I have a custom sink which will publish the final result from a pipeline to a repository.
I am getting the inputs for this pipeline from BigQuery and GCS.
The custom writer present in the sink is called for each in all workers. Custom Writer will just collect the objects to be psuhed and return it as part of WriteResult. And then finally I merge these records in the CustomWriteOperation.finalize() and push it into my repository.
This works fine for smaller files. But, my repository will not accept if the result is greater than 5 MB. Also it will not accept not more than 20 writes per hour.
If I push the result via worker, then the writes per day limit will be violated. If I write it in a CustomWriteOperation.finalize(), then it may violate size limt i.e. 5MB.
Current approach is to write in chunks in CustomWriteOperation.finalize(). As this is not executed in many workers it might cause delay in my job. How can I make use of workers in finalize() and how can I specify the number of workers to be used inside a pipeline for a specific job (i.e) write job?
Or is there any better approach?
The sink API doesn't explicitly allow tuning of bundle size.
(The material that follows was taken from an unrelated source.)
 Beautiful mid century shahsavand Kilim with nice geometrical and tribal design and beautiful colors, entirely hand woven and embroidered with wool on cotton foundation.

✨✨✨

One work around might be to use a ParDo to group records into bundles. For example, you can use a DoFn to randomly assign each record a key between 1,..., N. You could then use a GroupByKey to group the records into KV<Integer, Iterable<Records>>. This should produce N groups of roughly the same size.
As a result, an invocation of Sink.Writer.write could write all the records with the same key at once and since write is invoked in parallel the bundles would be written in parallel.
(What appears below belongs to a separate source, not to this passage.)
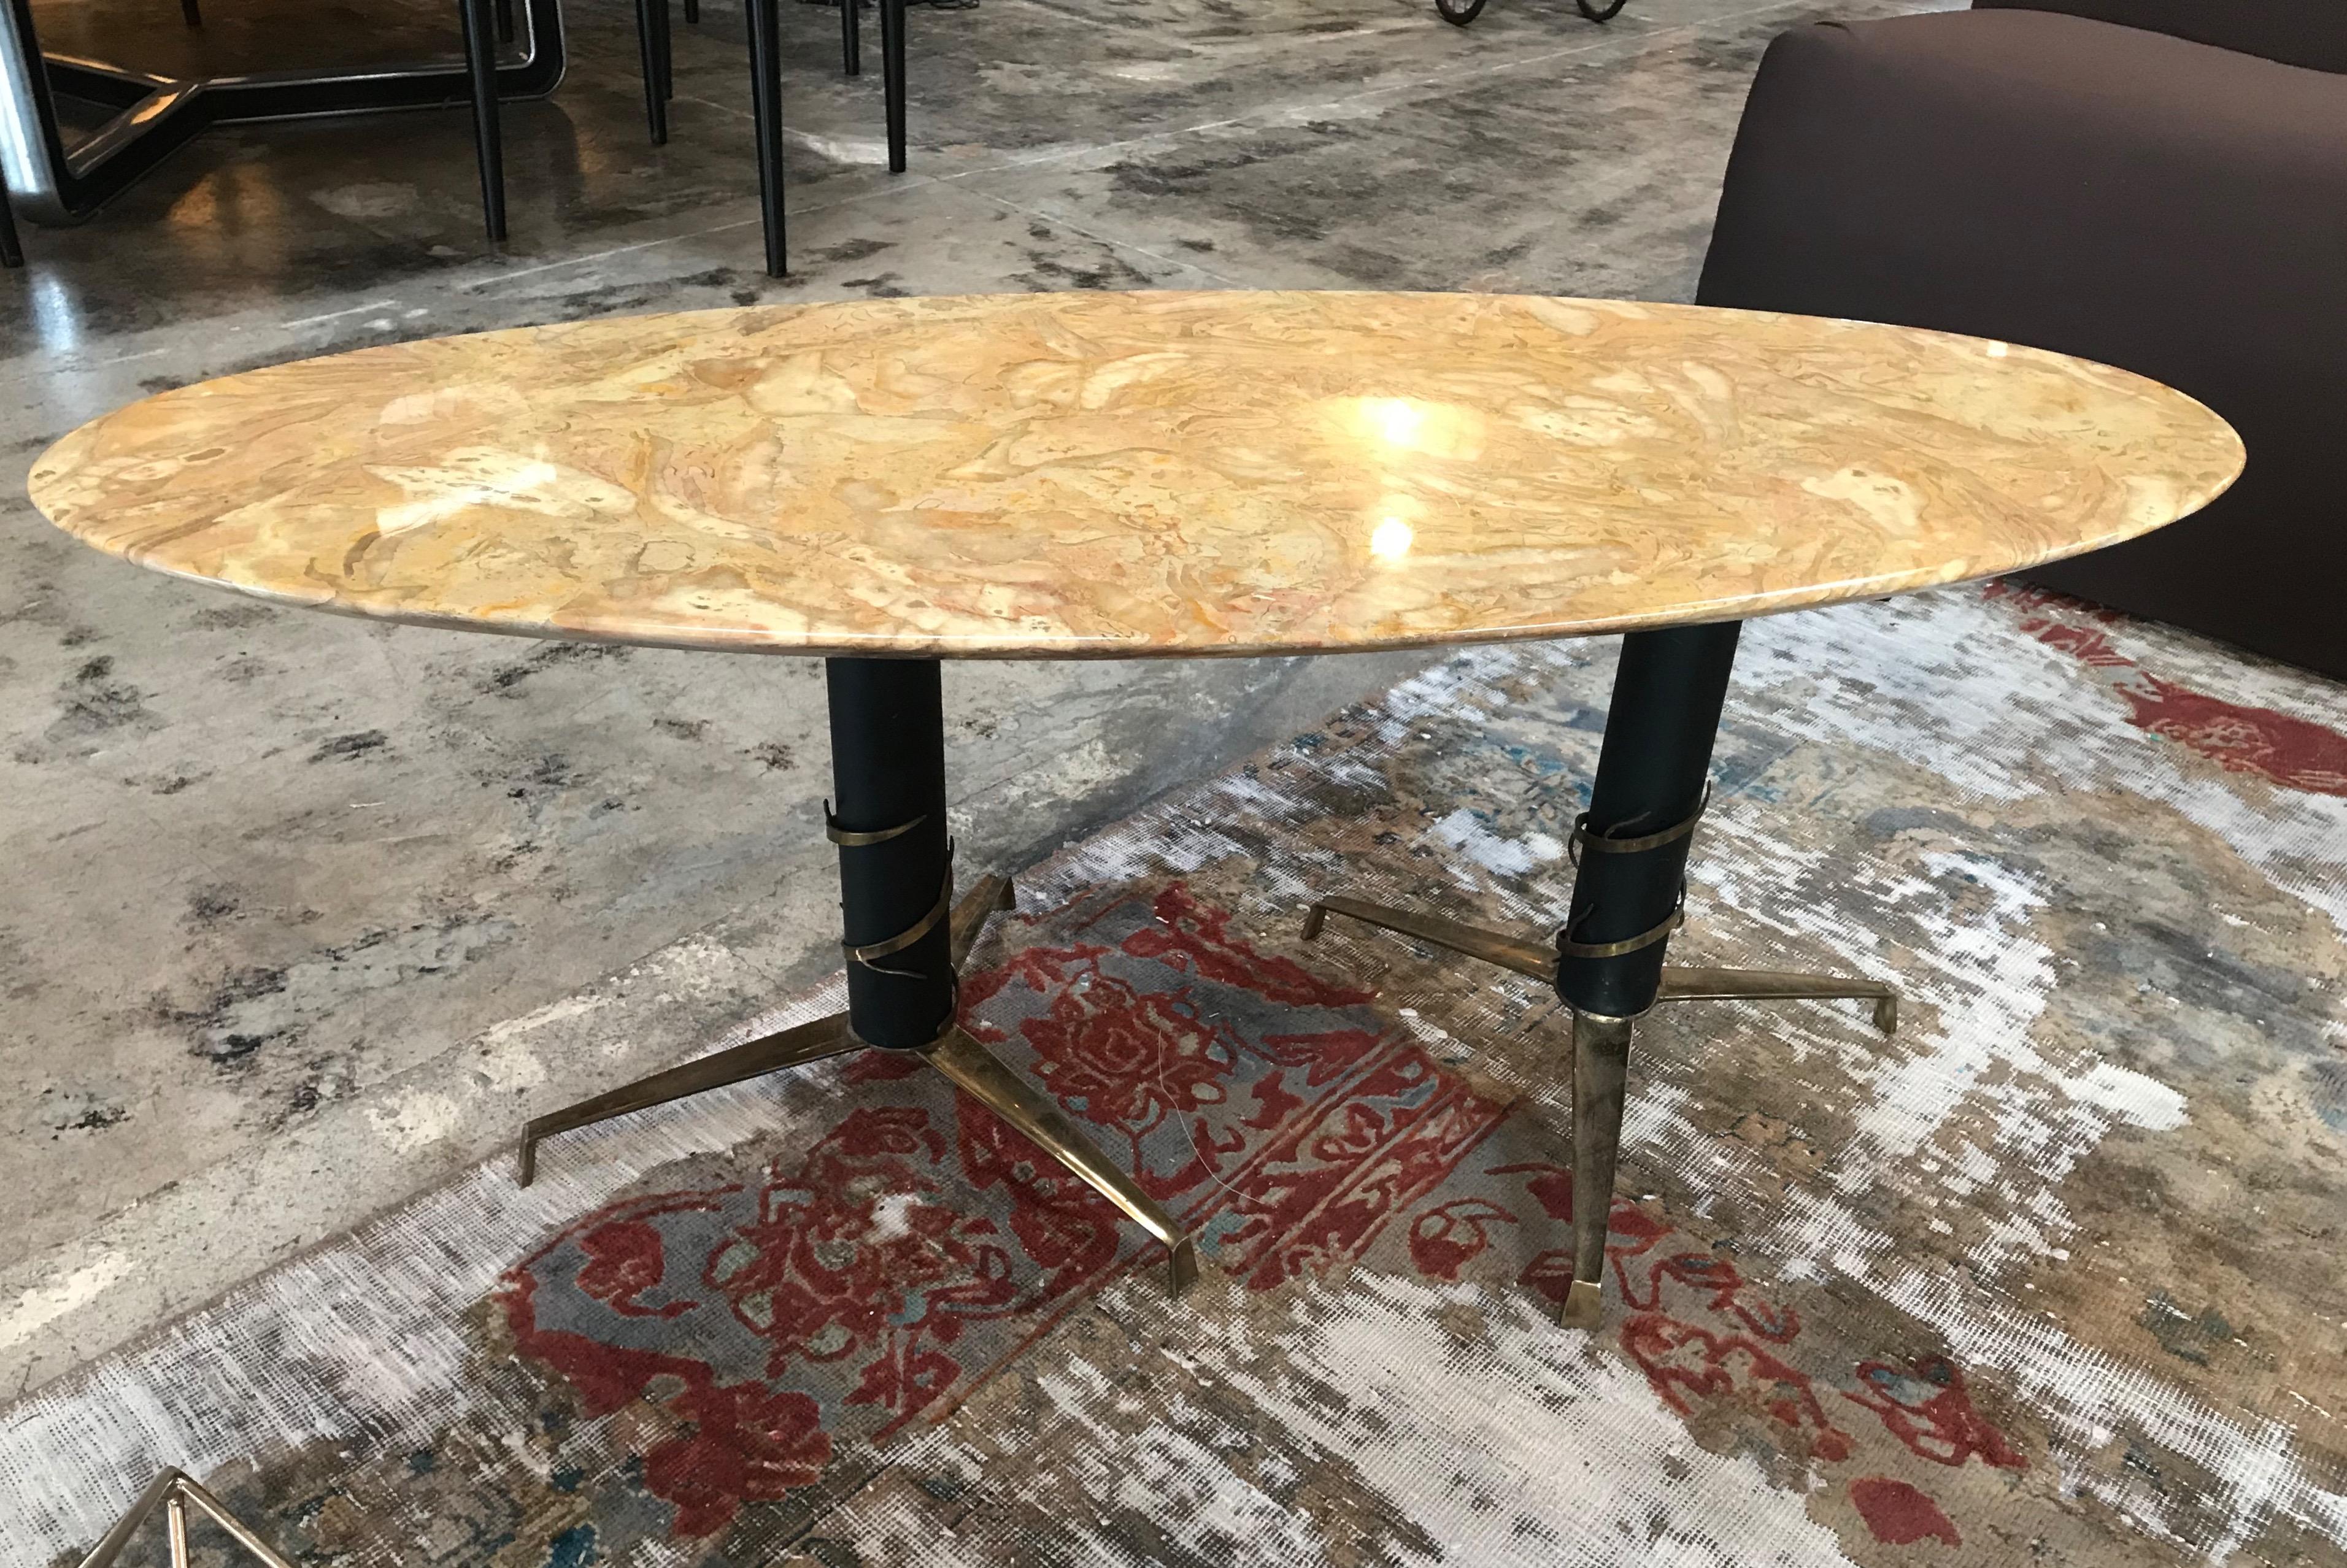 Mid-Century Modern Italian yellow marble and brass oval coffee table, 1950
Brass in original patina create a vibrant vintage look. Marble is in perfect conditions.

However, since a given KV pair could be processed multiple times or in multiple workers at the same time, you will need to implement some mechanism to create a lock so that you only try to write each group of records once.
You will also need to handle failures and retries.
So, if I understand correctly, you have a repository that
Accepts no more than X write operations per hour (I suppose if you try to do more, you get an error from the API you're writing to), and
Each write operation can be no bigger than Y in size (with similar error reporting).
That means it is not possible to write more than X*Y data in 1 hour, so I suppose, if you want to write more than that, you would want your pipeline to wait longer than 1 hour.
Dataflow currently does not provide built-in support for enforcing either of these limits, however it seems like you should be able to simply do retries with randomized exponential back-off to get around the first limitation (here's a good discussion), and it only remains to make sure individual writes are not too big.
Limiting individual writes can be done in your Writer class in the custom sink. You can maintain a buffer of records, and have write() add to the buffer and flush it by issuing the API call (with exponential back-off, as mentioned) if it becomes just below the allowed write size, and flush one more time in close().
This way you will write bundles that are as big as possible but not bigger, and if you add retry logic, throttling will also be respected.
Overall, this seems to fit well in the Sink API.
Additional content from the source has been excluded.